Consider the differential equation
$ \ \ 4\frac{d^2x}{dt^2}+5x=f(t) \ $ ,
Find a particular solution of the above differential equation of the form
$ x_p(t)=\sum_{n=1}^{\infty} A_n \cos \frac{n \pi}{p} t=\sum_{n=1}^{\infty} g(t,n) \ $
Then find out the function $ \ g(t,n) \ $ ?
where $ \ f(t)=\begin{cases} 2 , \ \ 0 <t < \pi \\ -2, \ \ \pi <t<2 \pi \end{cases} \ $ and $ \ f(t+2 \pi)=f(t) \ $
Also given that when $ \ f(t) \ $ is extended to negative t-axis in a periodic manner, the resulting function is $ \ even \ $
Answer:
The given equation is
$ \ \ 4\frac{d^2x}{dt^2}+5x=f(t) \ $
The corresponding homogeneous part is
$ 4\frac{d^2x}{dt^2}+5x=0 \ $
The auxiliary equation is
$ 4m^2+5=0 \\ \Rightarrow m=\pm \frac{\sqrt 5}{2} \large i \ $
Thus the complementary function is
$ x(t)=A \cos (\frac{\sqrt 5}{2}t)+B \sin (\frac{\sqrt 5}{2} t) \ $ ,
where $ \ A , \ B \ $ are constants.
Now I can not find out the particular integral and the required function $ \ g(t,n) \ $
Actually I can not understand how to answer the question and in what process to approach .

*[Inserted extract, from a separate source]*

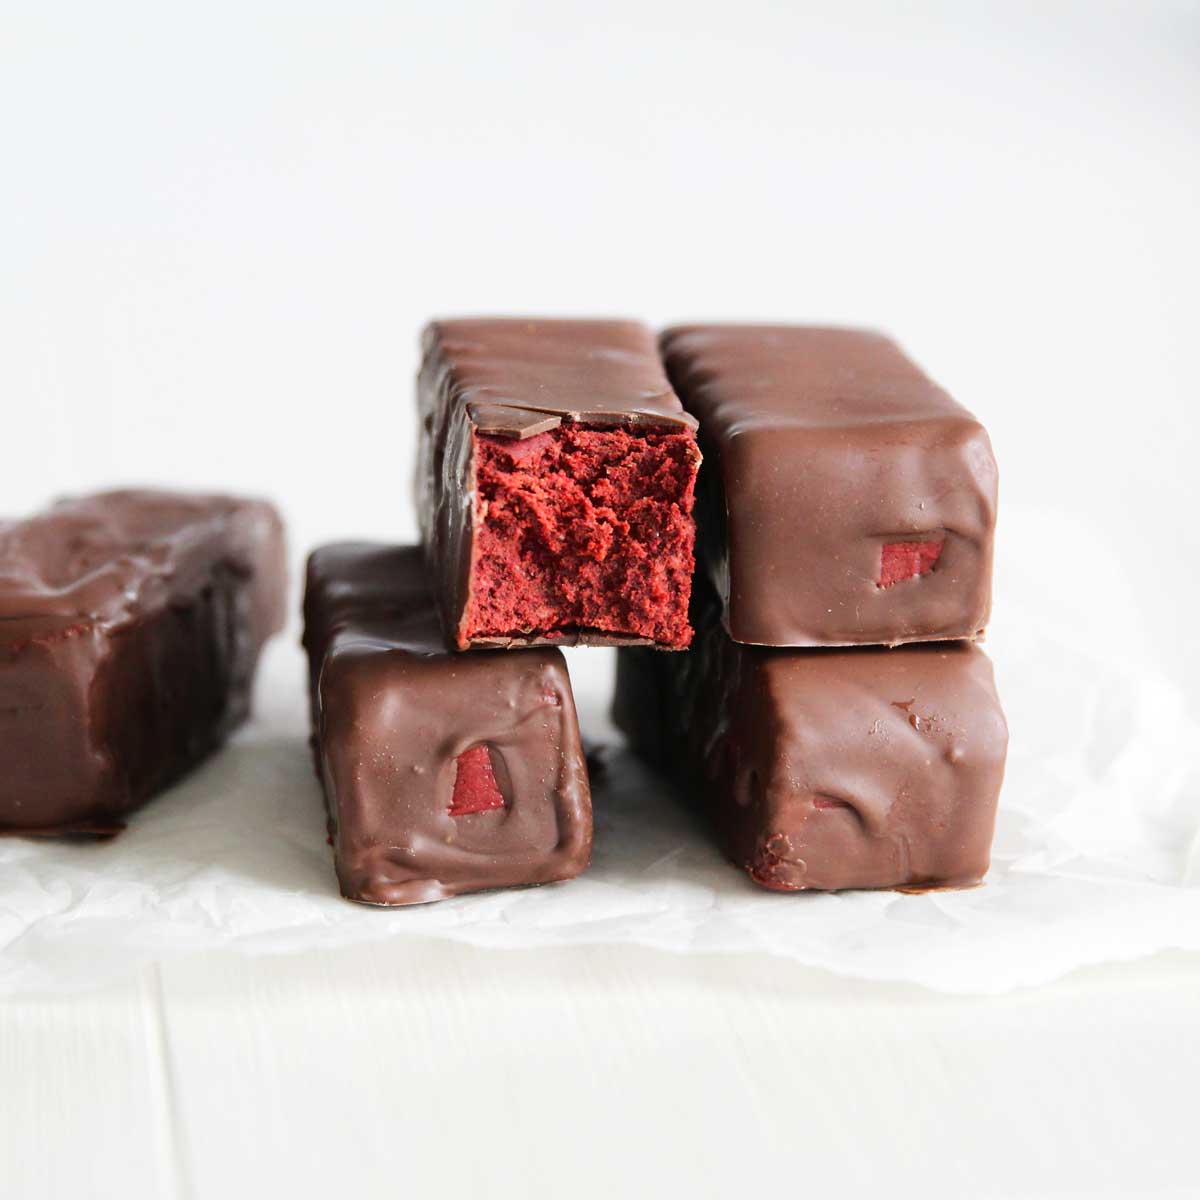 Gluten Free Red Velvet Cake Protein Bars (The Best Guilt-Free Dessert) - birthday cake protein bars

I need help to get out of this.
You don't really need to find the complementary solution, just do what the questions asks.

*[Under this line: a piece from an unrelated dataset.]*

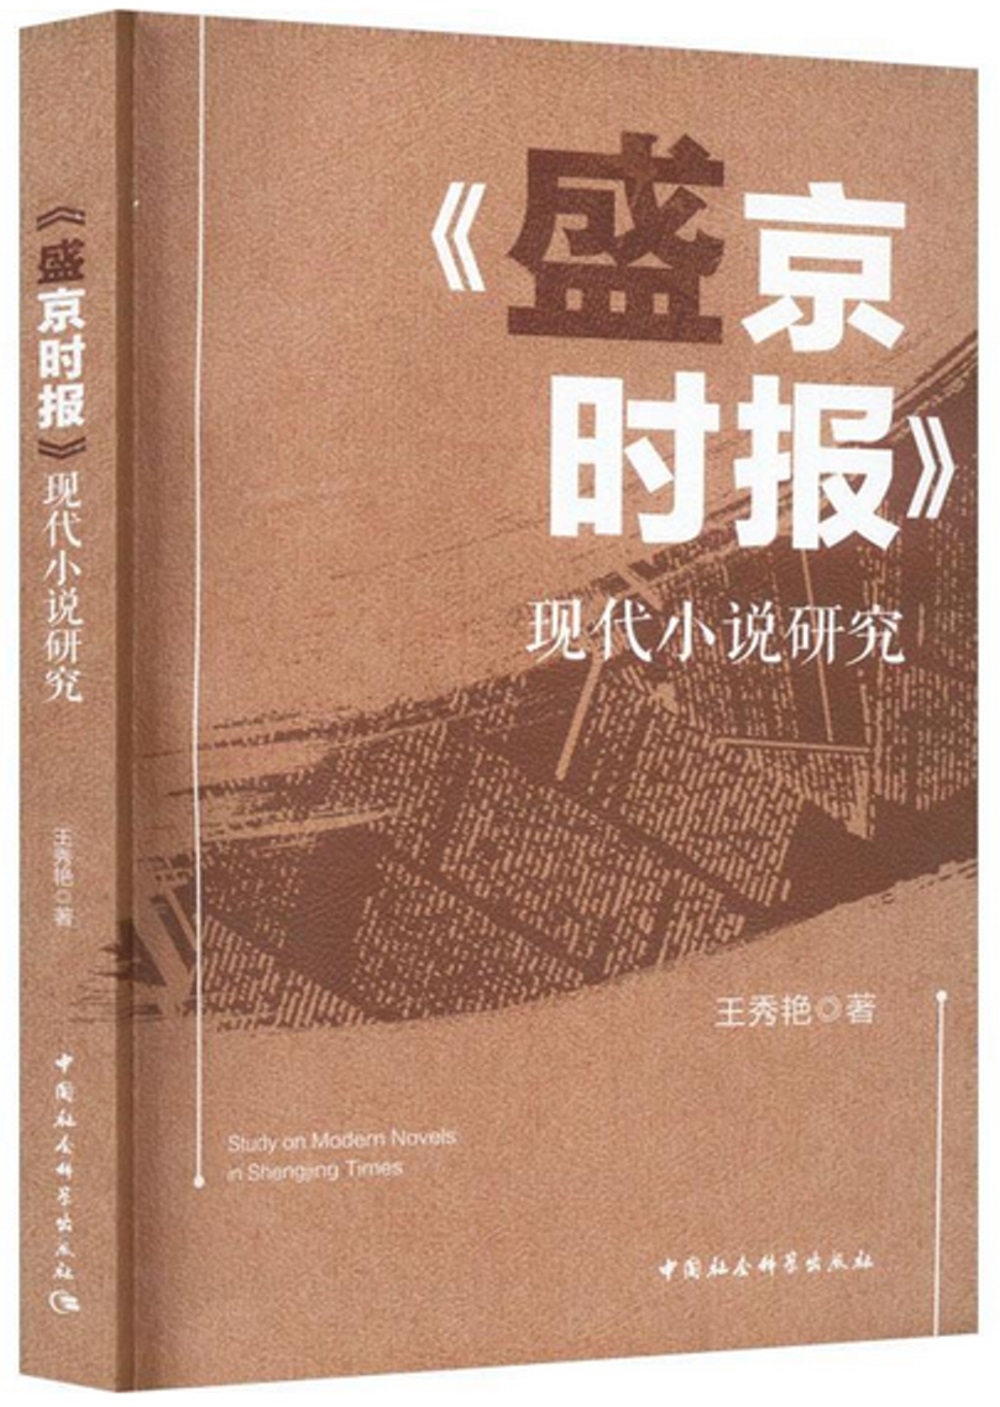 《盛京時報》現代小說研究

You want the particular solution to match the periodicity of $f$, so $p = 2\pi$ and
$$ x_p(t) = \sum_{n=1}^{\infty} A_n\cos\left(\frac{n}{2}t\right) $$
To find the $A_n$, just plug $x_p$ into the ODE to get $$ 4{x_p}'' + 5x_p = \sum_{n=1}^{\infty} (5-n^2)A_n\cos\left(\frac{n}{2}t\right) = f(t) $$
You may recognize this as a Fourier representation of $f(t)$. Therefore
$$ (5-n^2)A_n = \frac{1}{\pi}\int_0^{2\pi} f(t) \cos \left(\frac{n}{2}t \right) dt $$